→ Exercise
Set down exactly the lines that run from the one containing "d65902b5149 Dámské boty" to the end of the material below, both included, without pictures.

→ Dataset extract
---

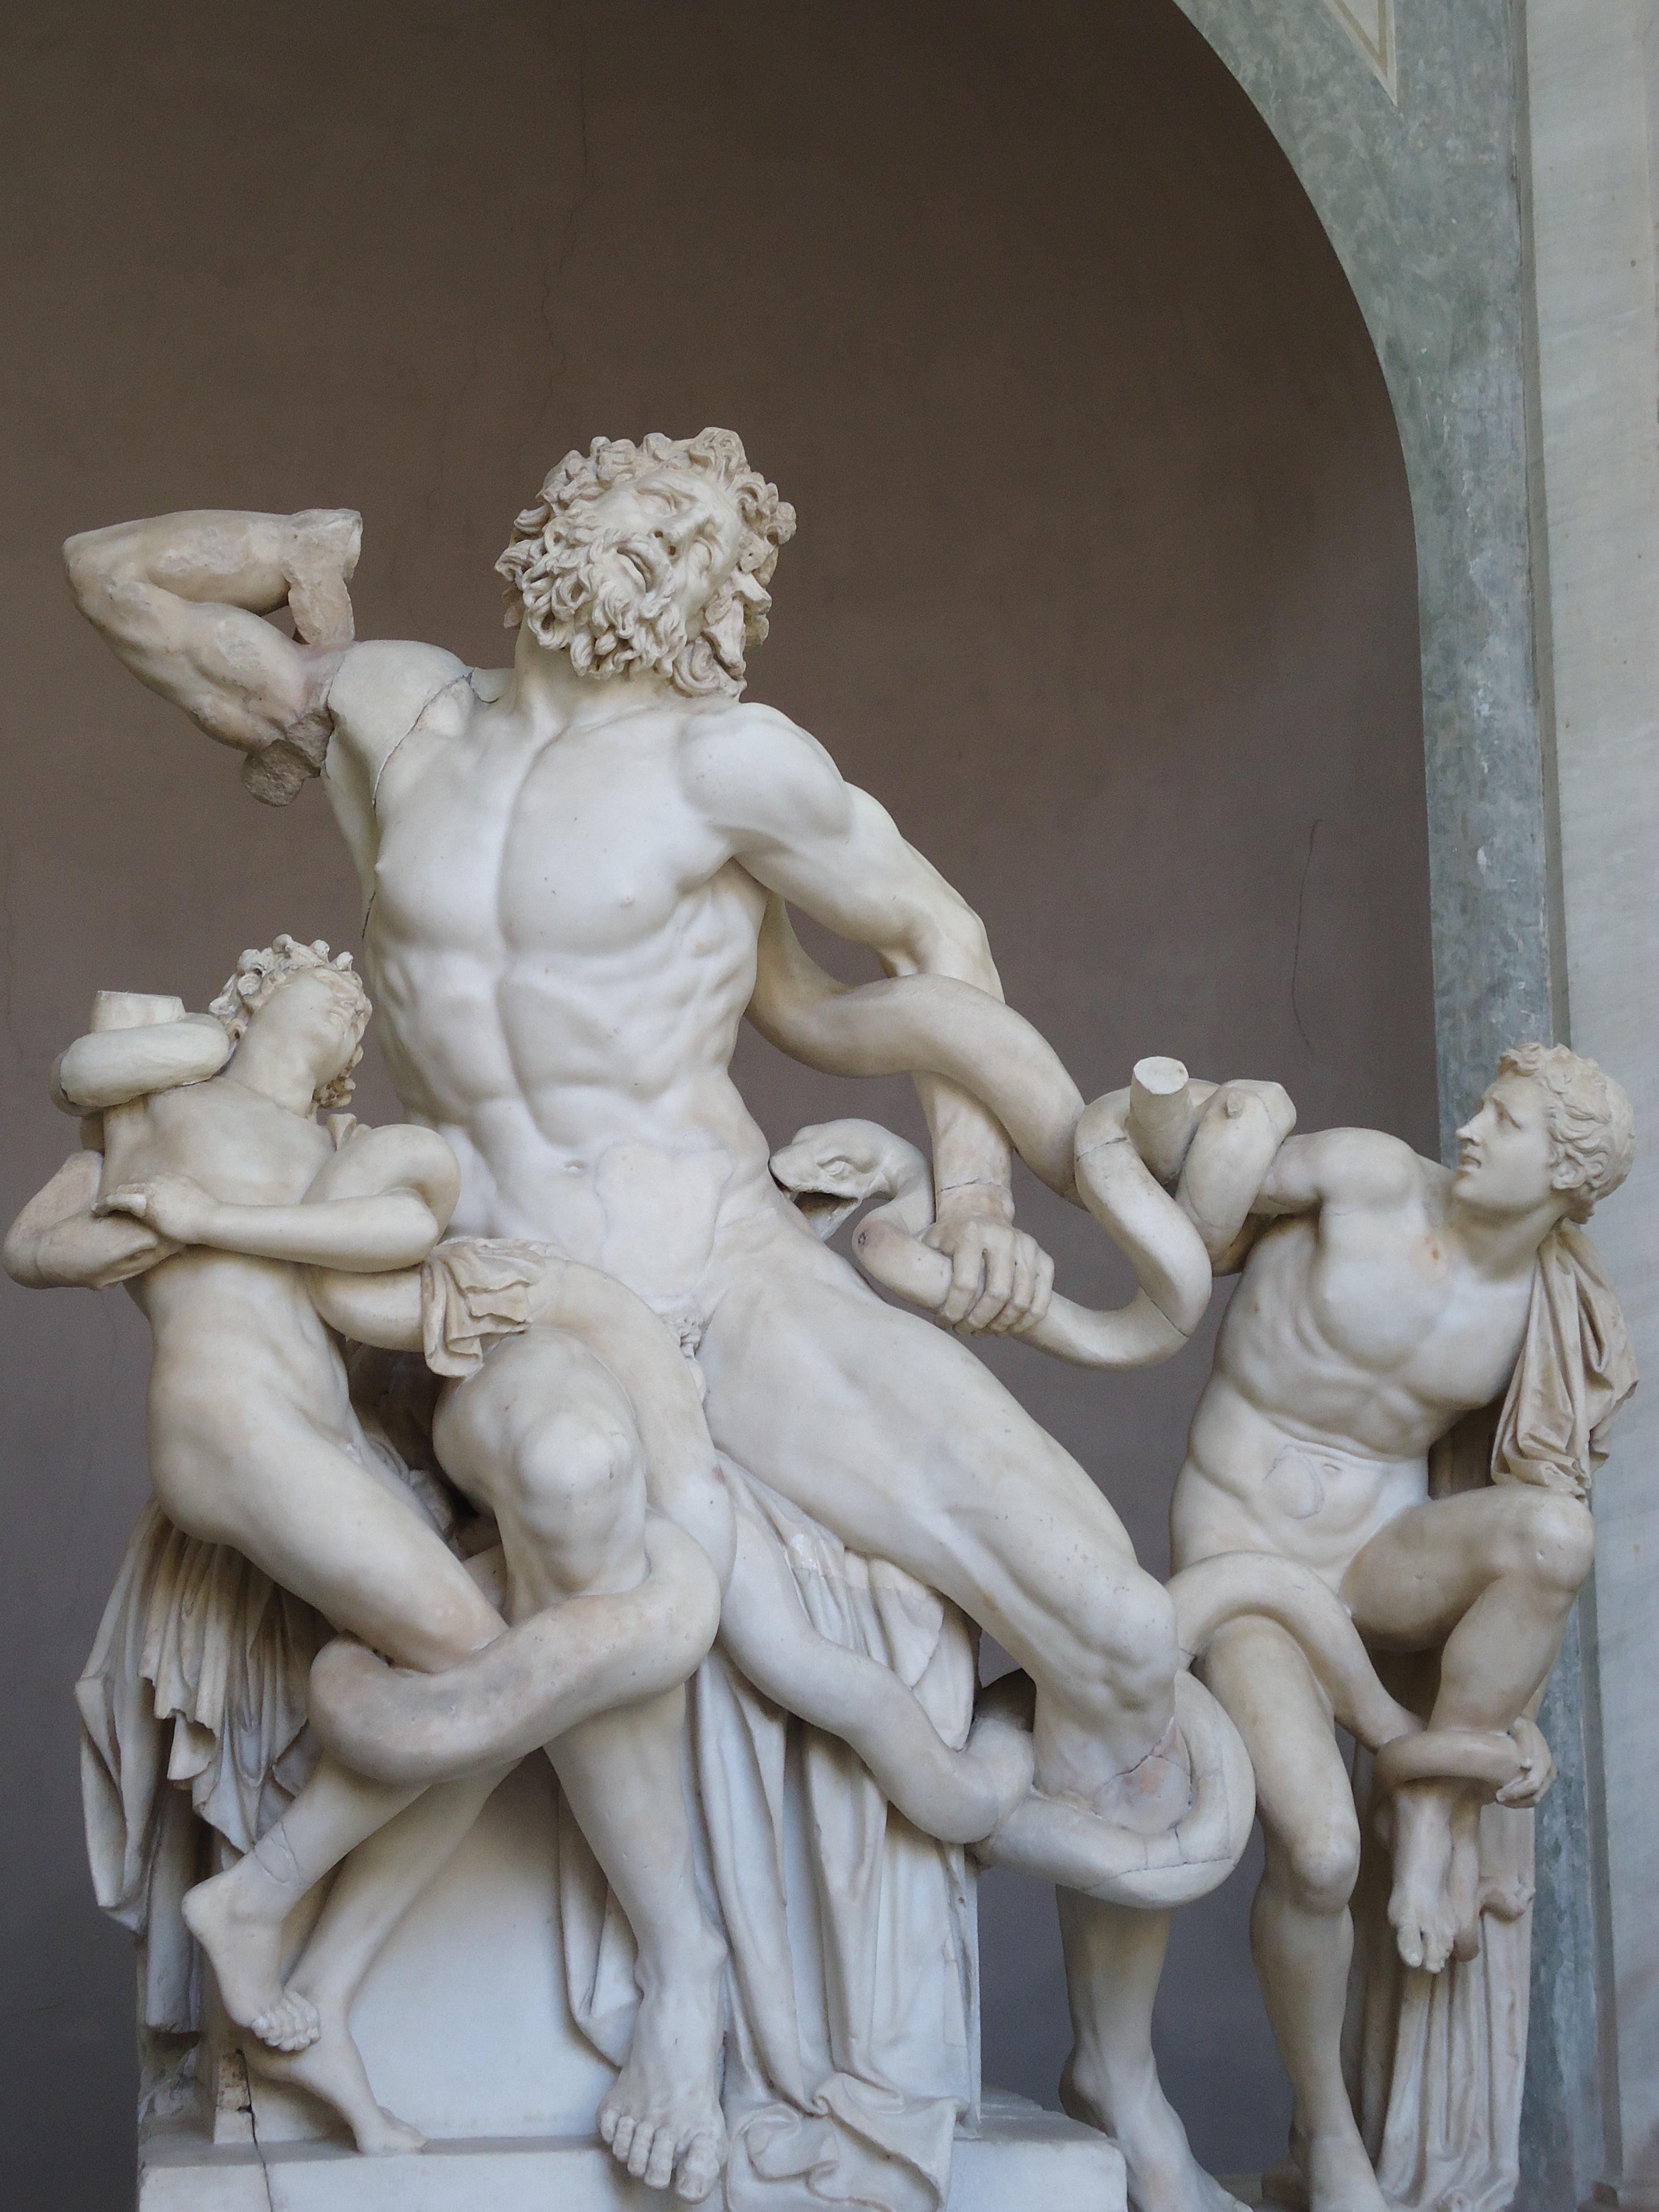 Laocoöngroep - Vaticaans museum - Rome
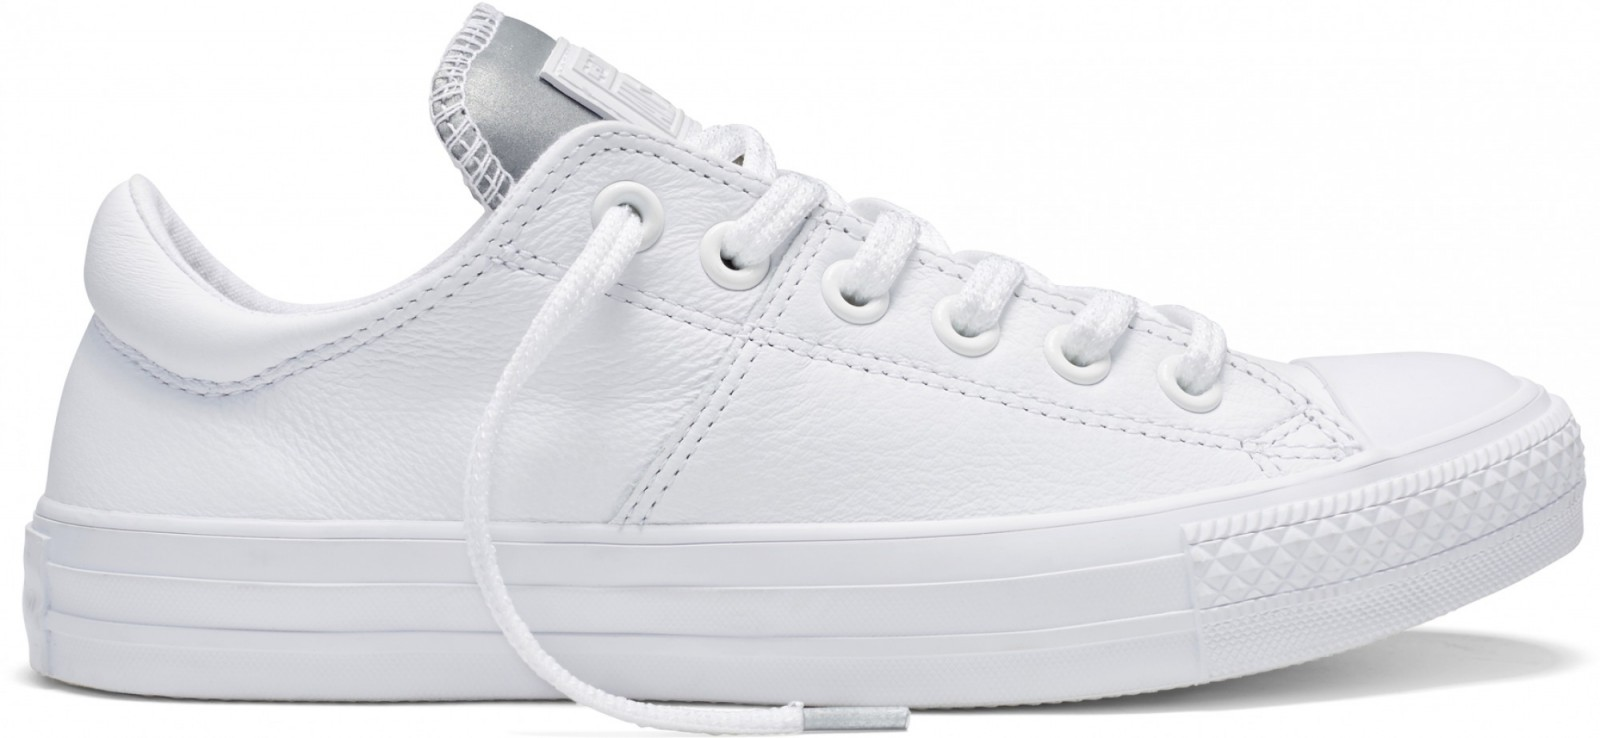 d65902b5149 Dámské boty Converse Chuck Taylor All Star Madison bílé
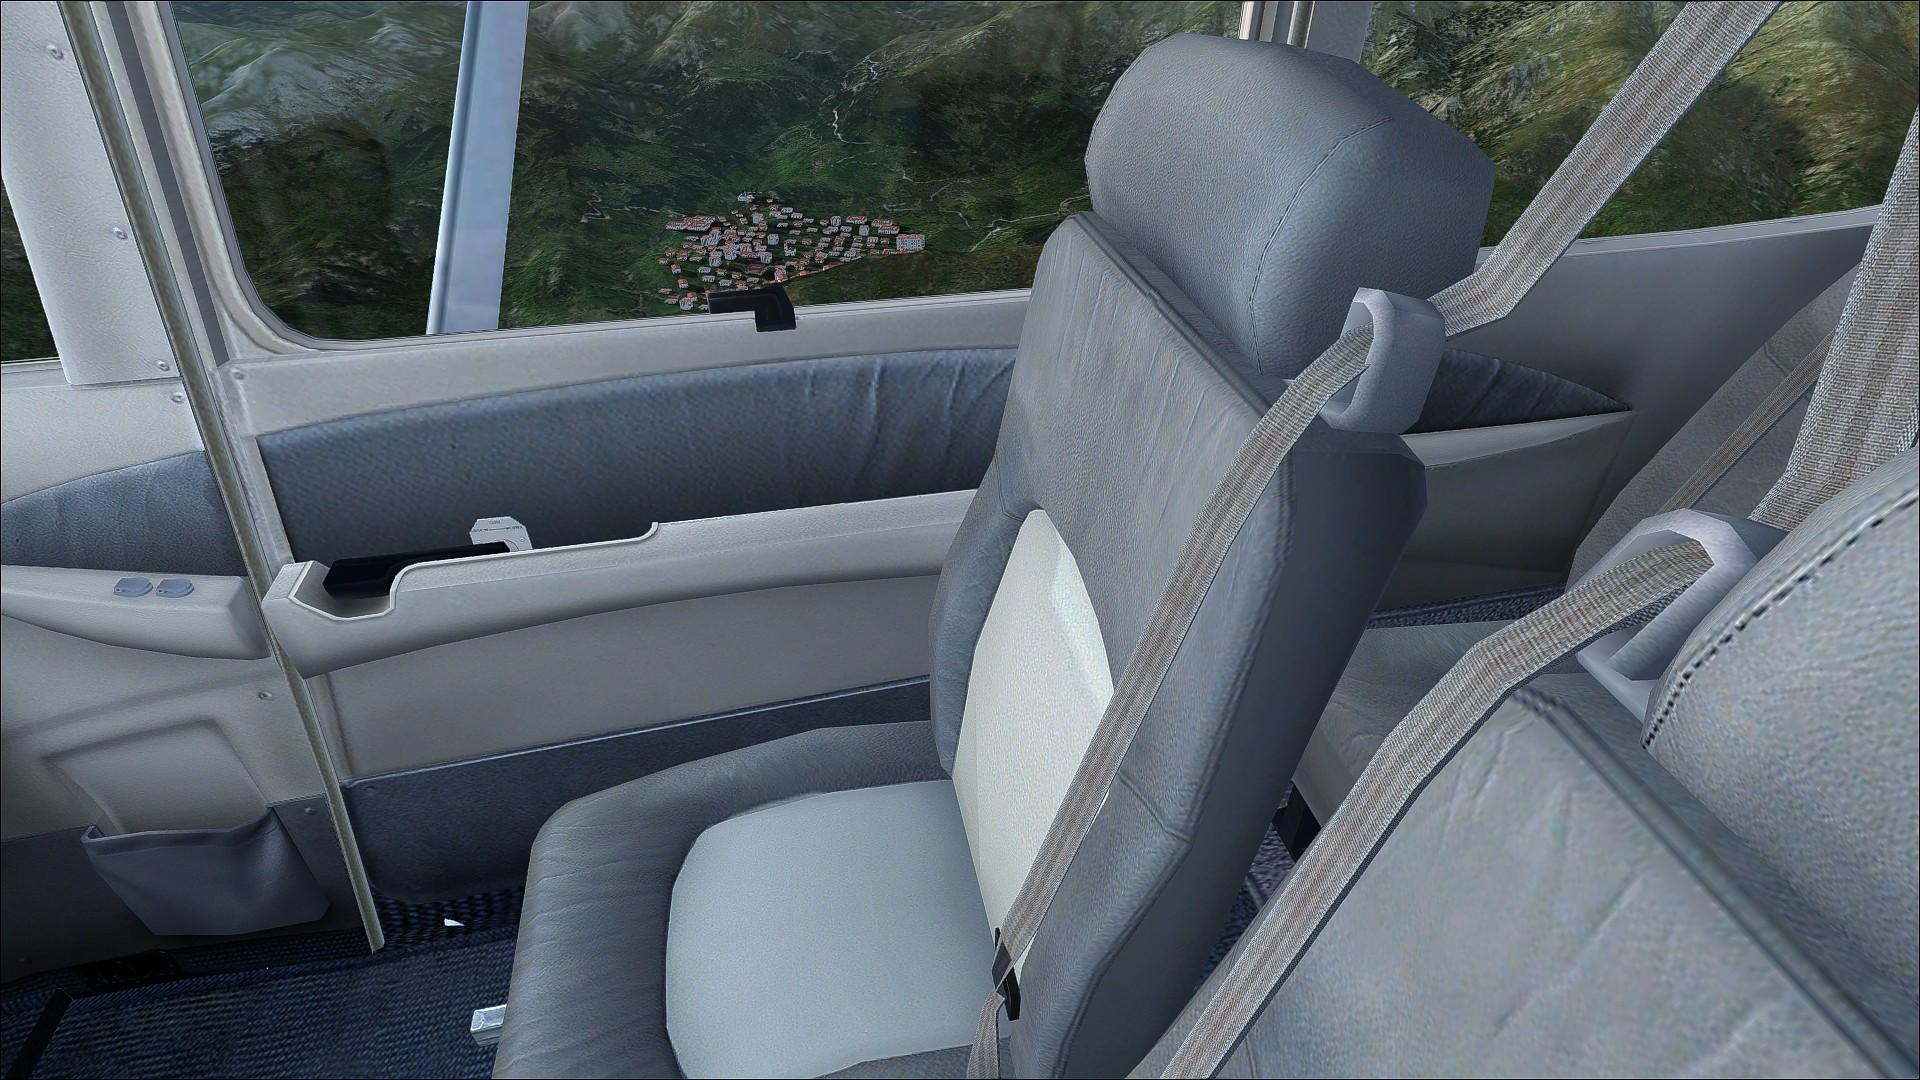 Crash en Corse 242397805
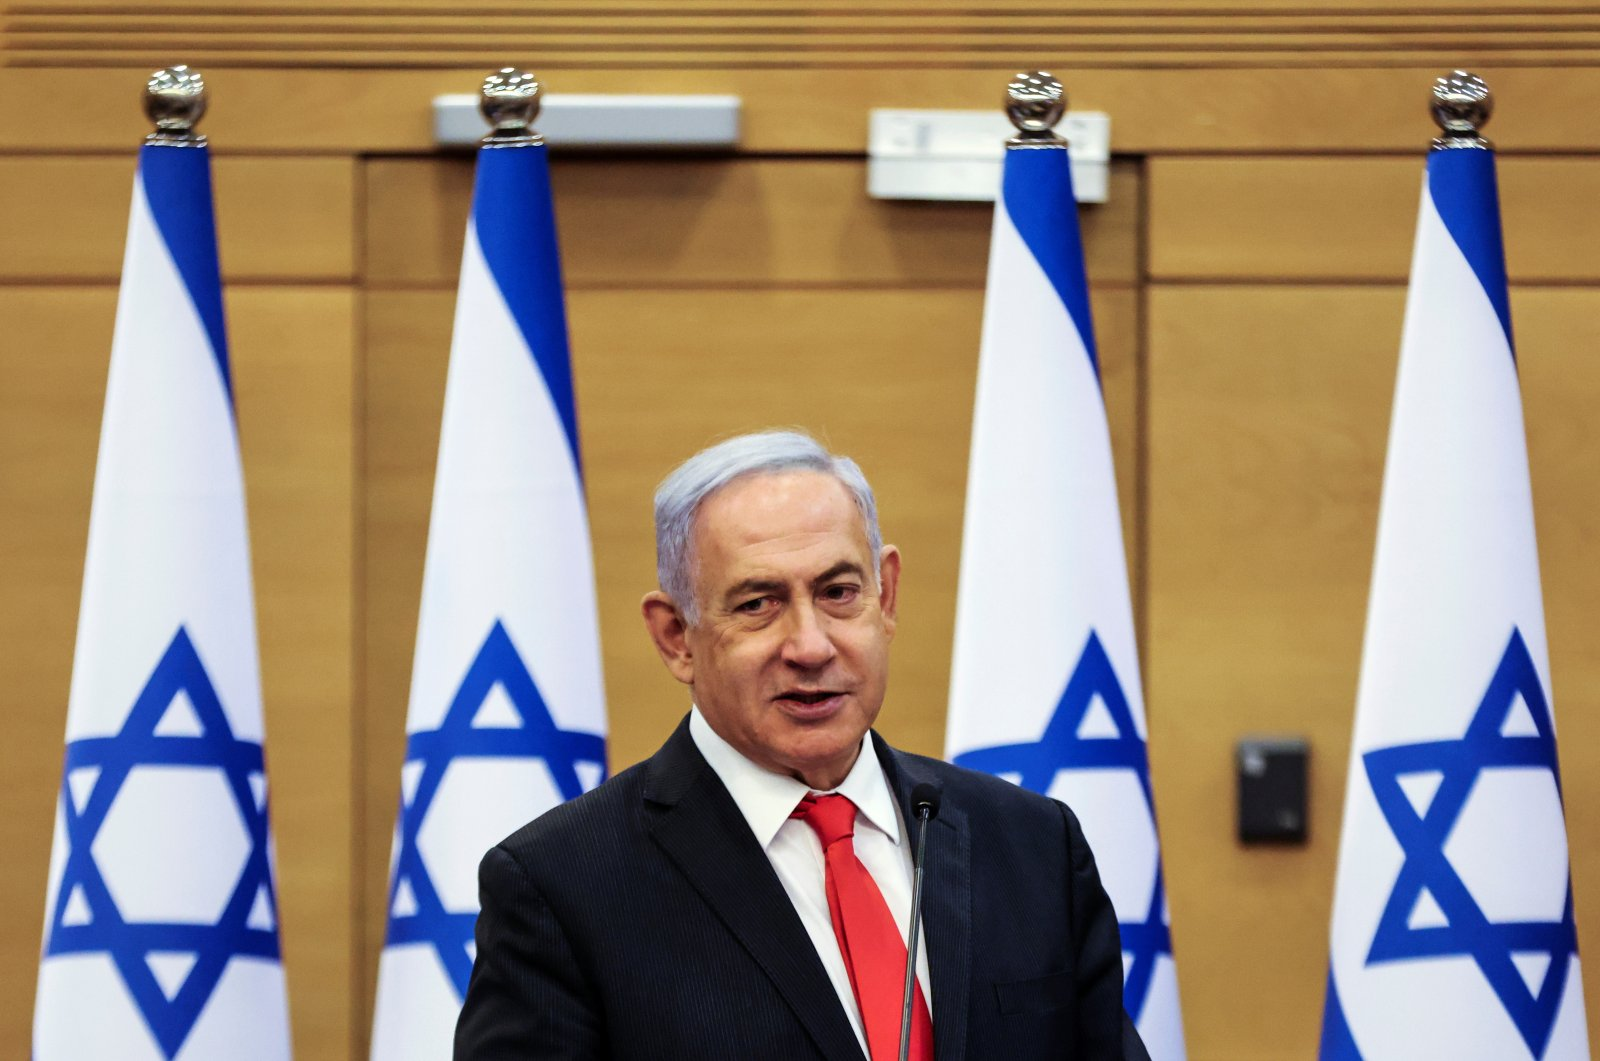 Leader of Israeli opposition Benjamin Netanyahu speaks during a meeting with his Likud party at the Israeli Parliament, in West Jerusalem, Israel, June 14, 2021. (Reuters Photo)

---

→ Reply to the task
 d65902b5149 Dámské boty Converse Chuck Taylor All Star Madison bílé
 Crash en Corse 242397805
 Leader of Israeli opposition Benjamin Netanyahu speaks during a meeting with his Likud party at the Israeli Parliament, in West Jerusalem, Israel, June 14, 2021. (Reuters Photo)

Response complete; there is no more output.